Render once per node instead. Add applyTemplatesPerNode that takes a
nodes slice and injection points for the render and apply functions,
then iterates: for each node it builds a single-node context with
client.WithNodes, calls engine.Render (which now sees one node and
satisfies the FailIfMultiNodes guard), merges the modeline'd file as
a patch, and applies the result. Per-node iteration is also the
correct semantic — discovery via lookup() resolves each node's own
network topology rather than mashing everything together.

Split withApplyClient into a public form (still wraps with the legacy
multi-node context for the direct-patch branch) and withApplyClientBare
which skips the wrap so the per-node loop can attach contexts itself.

Three tests pin the contract: that each render and apply call sees
exactly one node in its outgoing-context metadata; that engine.Render
with a batched multi-node context still errors (the pre-condition the
loop exists to satisfy); that an empty nodes slice errors loudly
rather than silently doing nothing. Manually verified the loop assertion
fails when the per-iteration context is built with all nodes instead
of one.

Closes #120

Assisted-By: Claude <noreply@anthropic.com>
Signed-off-by: Aleksei Sviridkin <f@lex.la>
…ure mode

Branch review caught four blockers and three majors in the original
implementation. Fixes:

- engine.MergeFileAsPatch now short-circuits modeline-only patch files
  (BLOCKER 2).

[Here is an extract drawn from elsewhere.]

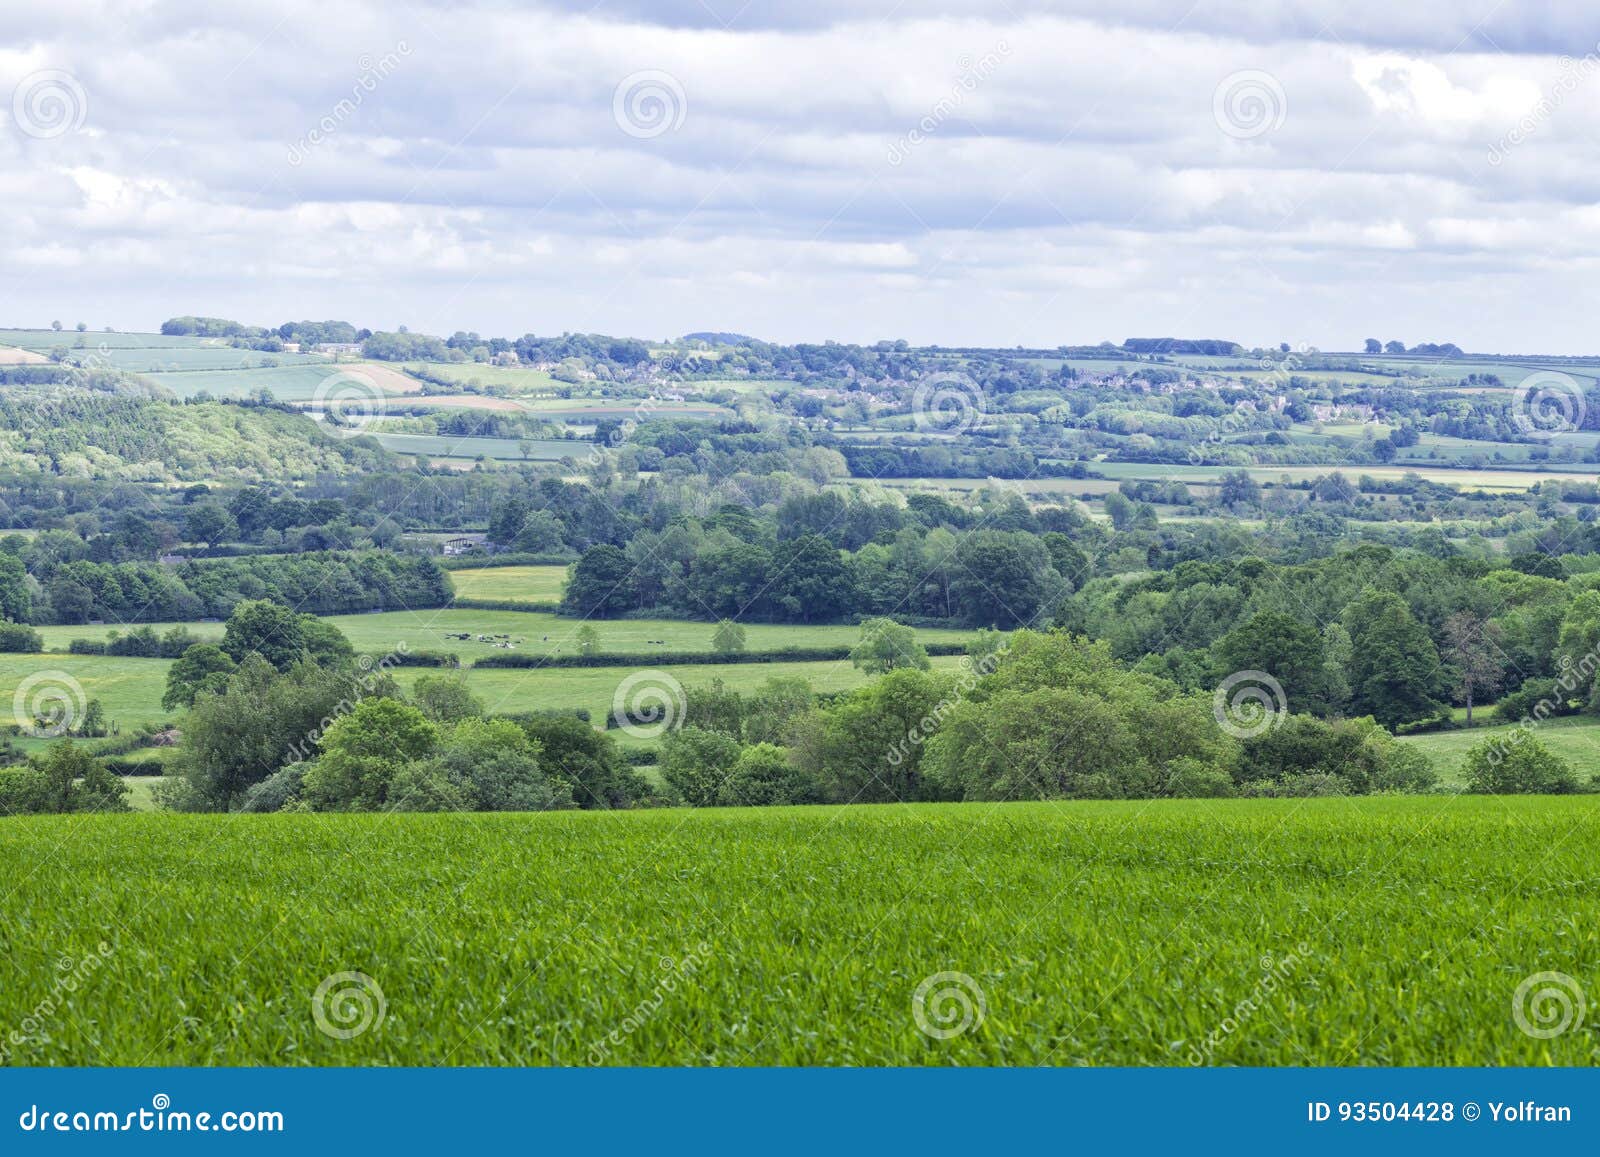 rolling hills with green fields, rural villages, woodlands

The Talos config-patcher misclassifies a YAML-comment-only
  file as an empty JSON6902 patch, then refuses any multi-document
  rendered config (the v1.12+ output format) with 'JSON6902 patches are
  not supported for multi-document machine configuration'. Detect 'no
  meaningful YAML content' before LoadPatches and return rendered
  unchanged in that case. Fix also covers empty files and files with only
  comments / document separators / whitespace.

- talm template no longer routes its output through MergeFileAsPatch
  (BLOCKER 1, BLOCKER 5, MEDIUM 8). The patcher round-trips through its
  config loader, normalising YAML formatting, sorting keys, and (worst
  of all) stripping every YAML comment — which deletes the talm modeline
  ('# talm: ...') and the AUTOGENERATED warning that downstream commands
  rely on. Removing the template-side merge keeps stdout and --in-place
  outputs intact. The merge stays in apply because that output goes
  straight to ApplyConfiguration where formatting and comments do not
  matter.

- The pipe-flow comment that motivated the template-side merge is gone
  (MAJOR 6). talm apply does not in fact accept stdin via '-f -'
  (ExpandFilePaths only handles real paths), so the documented workflow
  was a fiction.

- Insecure (maintenance) mode now opens a fresh single-endpoint client
  per node (BLOCKER 4). WithClientMaintenance creates one client with
  every endpoint and gRPC then round-robins ApplyConfiguration across
  them, so most nodes never received the config. Narrow GlobalArgs.Nodes
  to the iteration's node and restore it via defer; this requires
  splitting applyTemplatesPerNode's client-acquisition into an injected
  openClientFunc with two production implementations
  (openClientPerNodeMaintenance, openClientPerNodeAuth).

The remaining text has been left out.